The present research focuses on synthesising avocado oil-based degradable machining fluid enriched with nano Molybdenum di sulfide (nMoS2) and evaluating the machining performance of the fluid over the key machining objectives like surface roughness, Metal Removal Rate (MRR), and tool wear. The recommendation of synthesised machining fluid is primarily to promote green manufacturing to nullify industrial pollution. Sustainability, degradability, cost-saving and operator friendliness are the target outcomes to uphold the significance of the research work. Based on a stringent literature survey, the inclusion of avocado as a possible cutting fluid was not attempted; hence the research gap is bridged. The three different feathers added to the crown of the novelty are the involvement of oil-rich and cheaper avocado oil as a base fluid, enrichment of nMoS2 as a performance-enhancing additive and the implementation of hybrid GRA-PCA statistical model to analyse the influence of nMoS2 blended avocado oil on the surface roughness, MRR and tool wear loss. The attempt to explore the lubricity of nMoS2-enriched avocado oil for end-milling operations along with the hybrid GRA-PCA analysis is never reported elsewhere.

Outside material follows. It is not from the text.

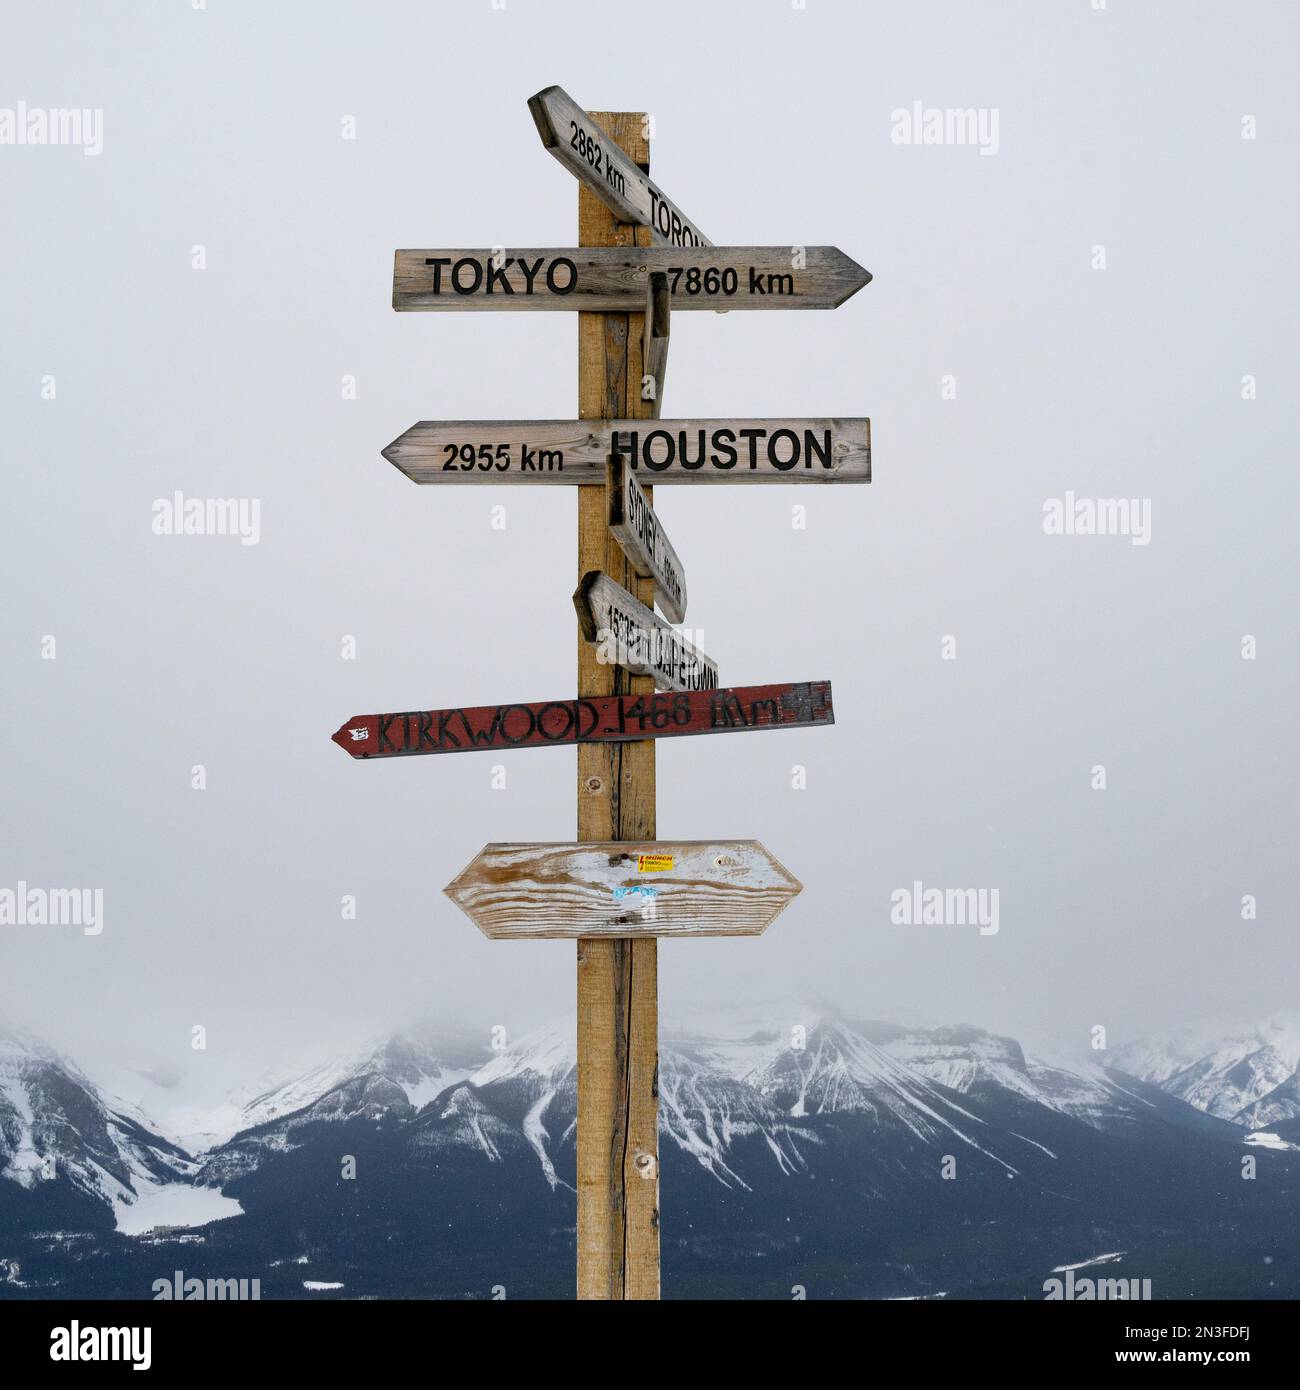 Poste avec des destinations internationales dans une station de ski dans le parc national Banff, Alberta, Canada ; Improvement District No. 9, Alberta, Canada Banque D'Images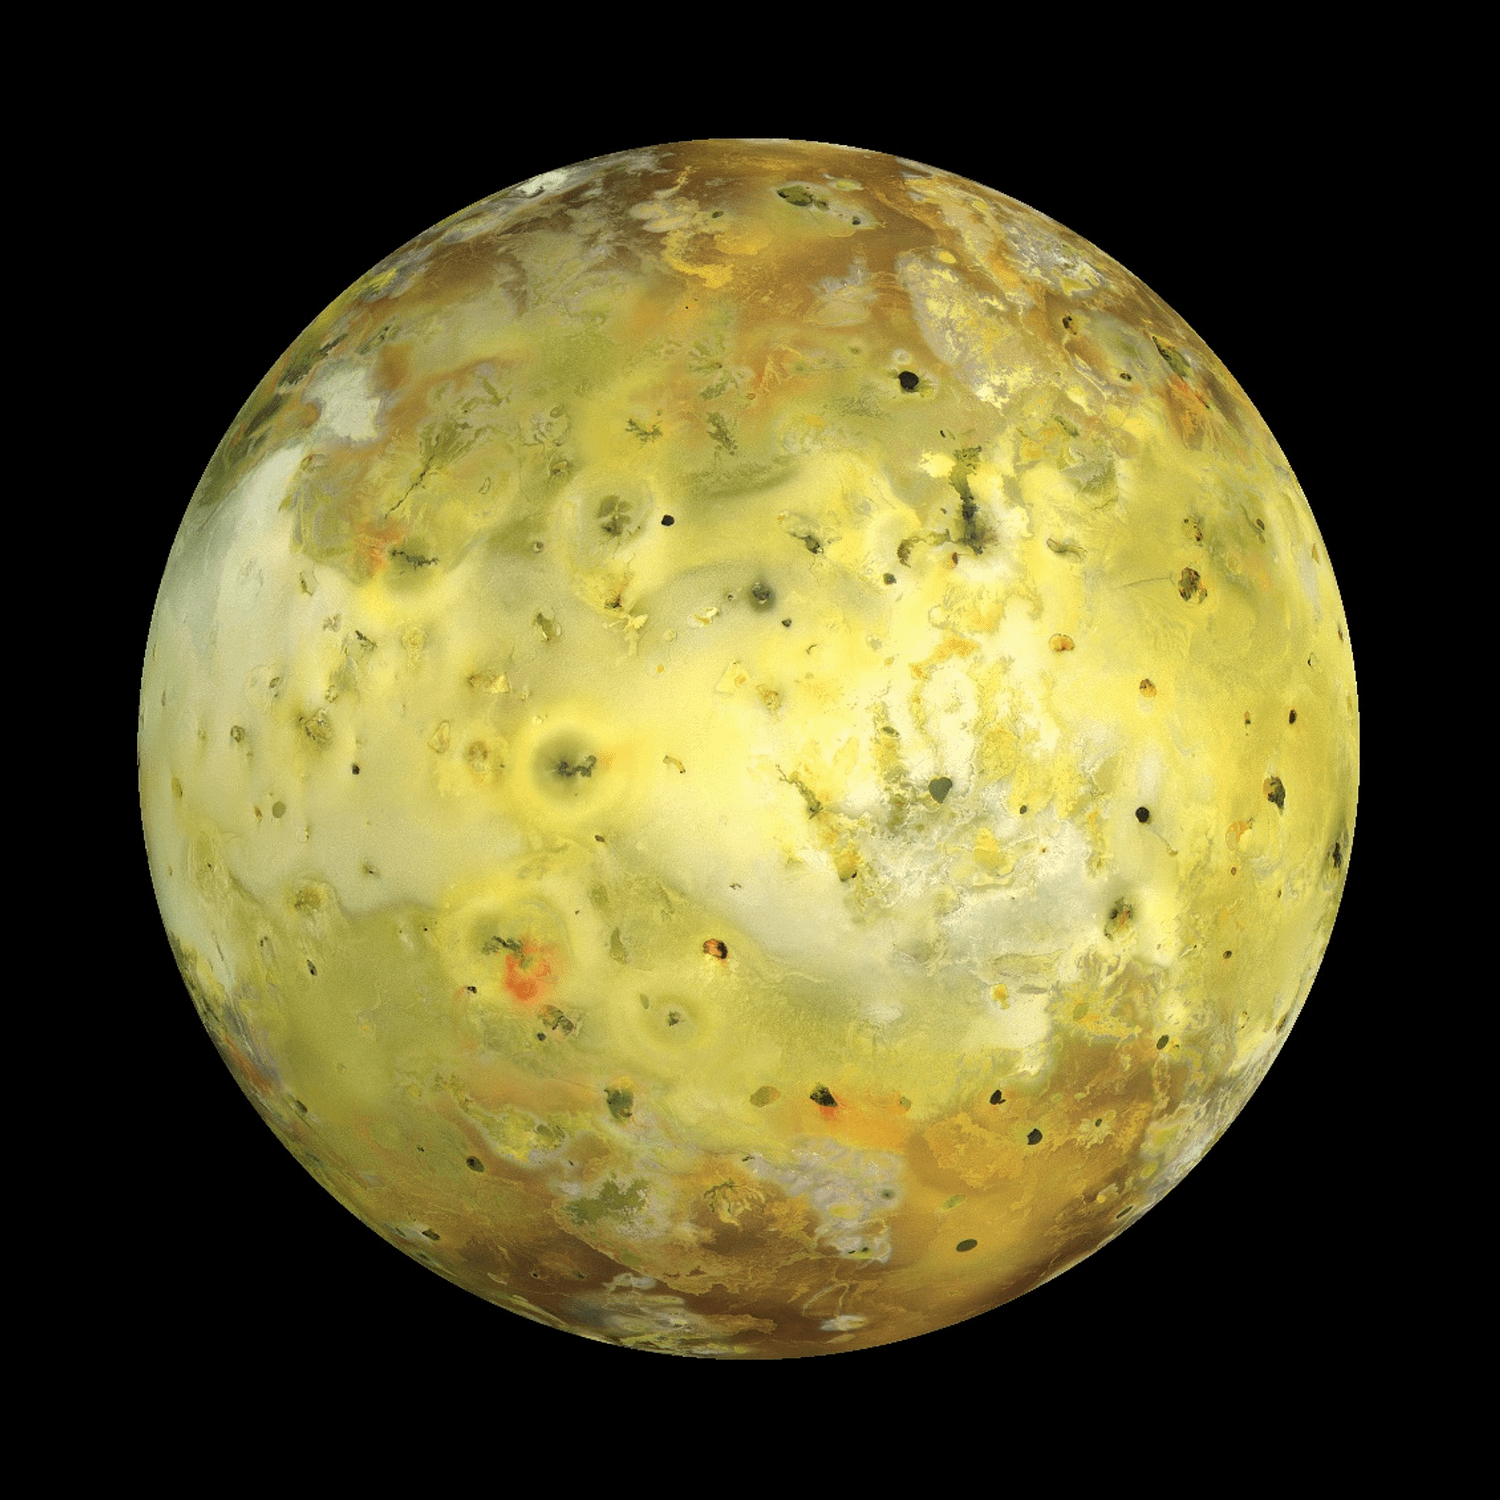 Bolygós rövidhírek: küldetés az Io felé

A 5 L of Avacoda oil was procured from the grey market in Addis Ababa Ethiopia. The workpiece used for the experimentation was an AISI 4130r steel plate with a dimension of 100 mm × 100 mm × 25 mm thick. The chemical constituents and mechanical characteristics of the workpiece are supplied in Tables 1 and 2 respectively. A 16 mm diameter four flute HSS end milling cutter (DIN844), purchased from Bekele Machine Tools Addis Ababa was utilized for machining. The molybdenum sulfide nanoplatelets were purchased from Sigma-Aldrich, the size of the platelets was around 100 nm, as authenticated by the supplier.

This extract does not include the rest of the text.